Bubbles was probably still asleep in the bedroom, blissfully unaware of what was coming her way, but when I called her she trotted into the living room with her usual politeness, and rubbed against my leg.

“Uh, Bubs, this is. . . Gertrude,” I said reluctantly.

Bubbles recoiled from Gertrude’s hand. If I were a cat, I wouldn’t want to be scratched by those pointy claws either.
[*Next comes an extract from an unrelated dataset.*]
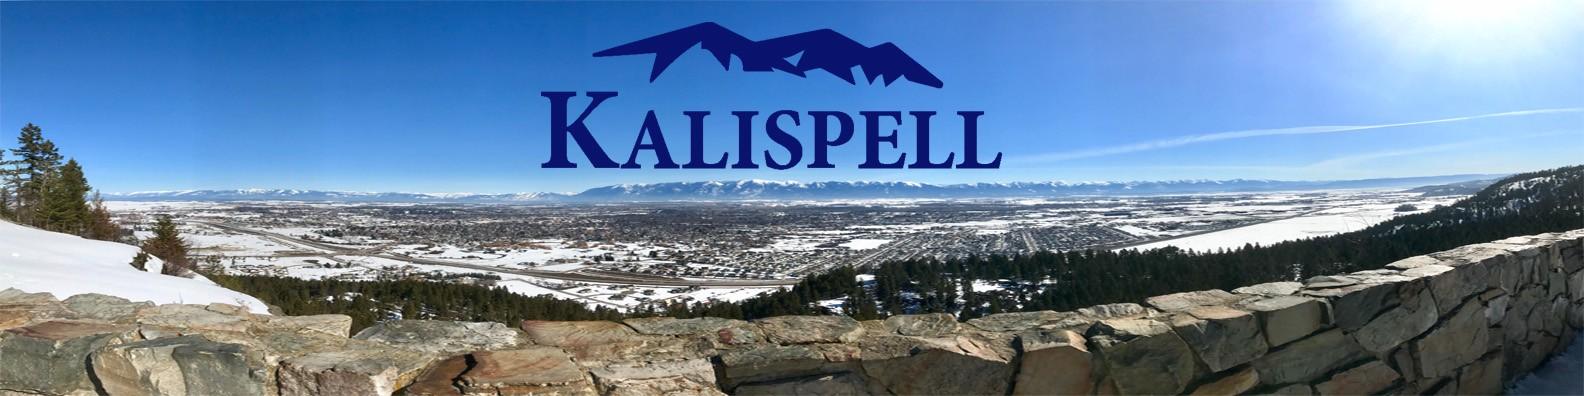 kalispell dating sites dating en arbejderklasse mand

Hell, I wouldn’t want to be touched by Gertrude,
whatever
I was! She sure knew how to wreck my day. She timed her Gertrusions so well. But she couldn’t have found a
good
moment to come over to my apartment, because there was never going to be one. Now she was chasing poor Bubbles around the room. They were over by the window, where Gertrude was making hissing, supposedly kissing, sounds at her, calling her Bubs—a name only Mimi and I were allowed to use! Bubbles slid underneath the window seat and stayed there, clever cat. Undaunted, Gertrude hitched up that dopey diaphanous dress, squatted down, and started to paw pointlessly in Bubbles’s direction.